If just growing alfalfa I would add sulfur and boron to the fertilizer mix. Will want to add 30-40 actual pounds of sulfur per acre and 1/3-1/2 pound boron per acre.


----------



## vhaby (Dec 30, 2009)

I agree with adding sulfur at the rate suggested and with adding boron, but 2 to 4 lb of boron per acre should help produce higher yields. Here, 1/2 lb of boron per acre is insufficient even for clover. Alfalfa has a much better tolerance and response to higher rates than used on clover.


----------



## r82230 (Mar 1, 2016)

If you still can I would get the lime on ASAP (sample 1), then put a custom fertilizer mix after taking 1st cutting off. Custom mix 125 pounds of DAP (or MAP) to 275 potash per acre (putting 400 pounds per acre) applying twice (once after 1st, then again after 2nd cutting).
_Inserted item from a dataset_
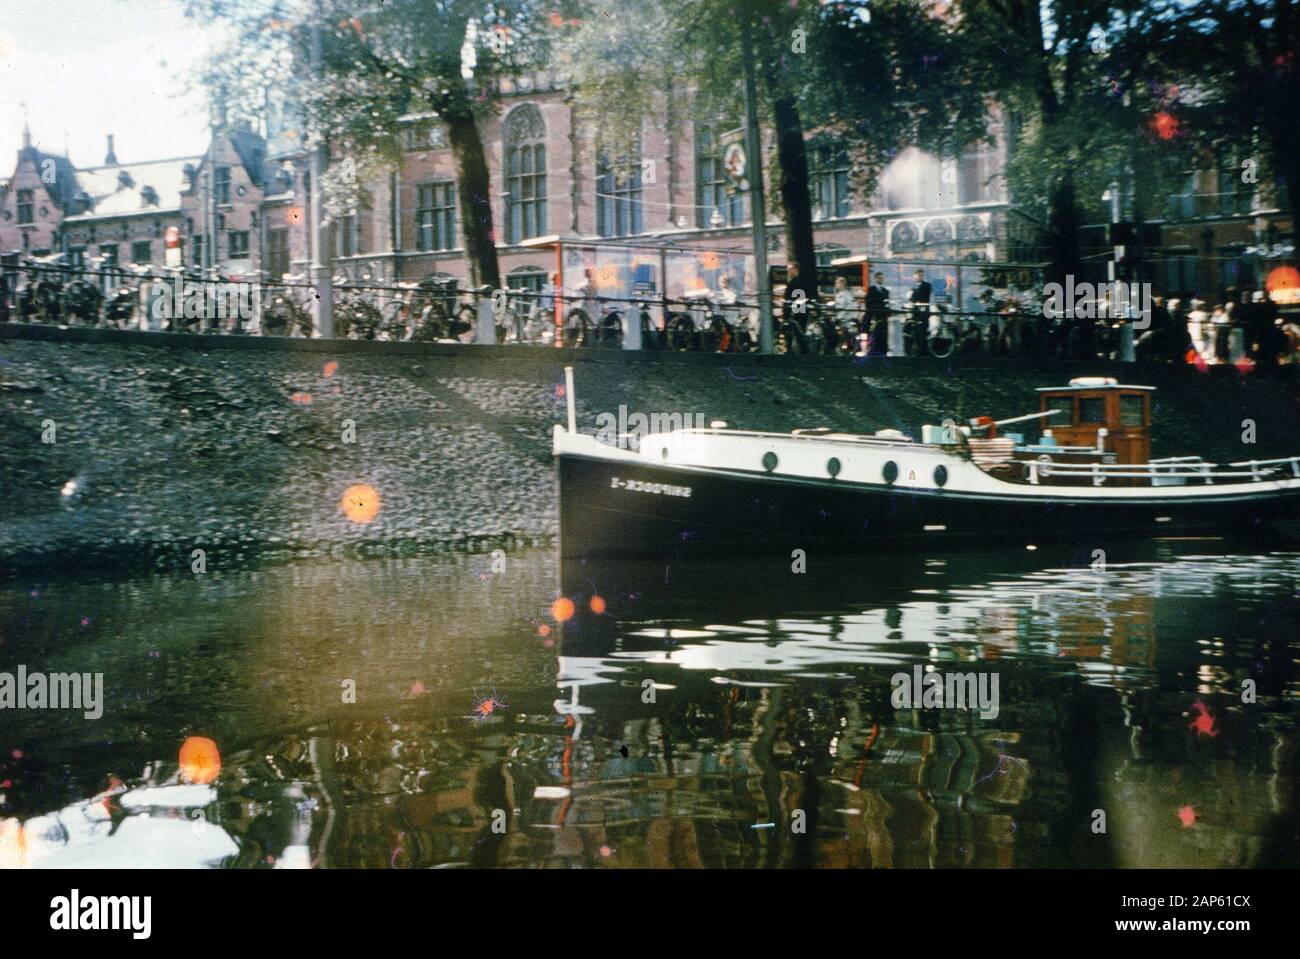 Photo vernaculaire prise sur un film analogique de 35 mm transparent, qui est censé représenter les personnes qui naviguent sur un bateau blanc sur l'eau pendant la journée sur le canal, 1965. Les principaux sujets/objets détectés sont l'eau, le bateau, la ville, la réflexion, le véhicule et le tourisme. () Banque D'Images

I am not a fan of putting more than 500 pounds of fertilizer down at a time (but that is just me).

Next I would weight the hay coming off the field (sample size any how, like weight 10 average small bales or a whole wagon full would be better, important part is DO NOT guess your tonnage). I use to weight about 25% of my big round bales, now I weight closer to 100%. I purchased a Gallagher load beam scale (W110 about $1,000).

The rule of thumb I use is 10 pounds of Ph and 50 pounds of P removed per ton of hay. IMHO, you will need to build up soil, along with replacing the removed amount.

All this is applies for in MY area, yours could be different.

Good luck.

Larry


----------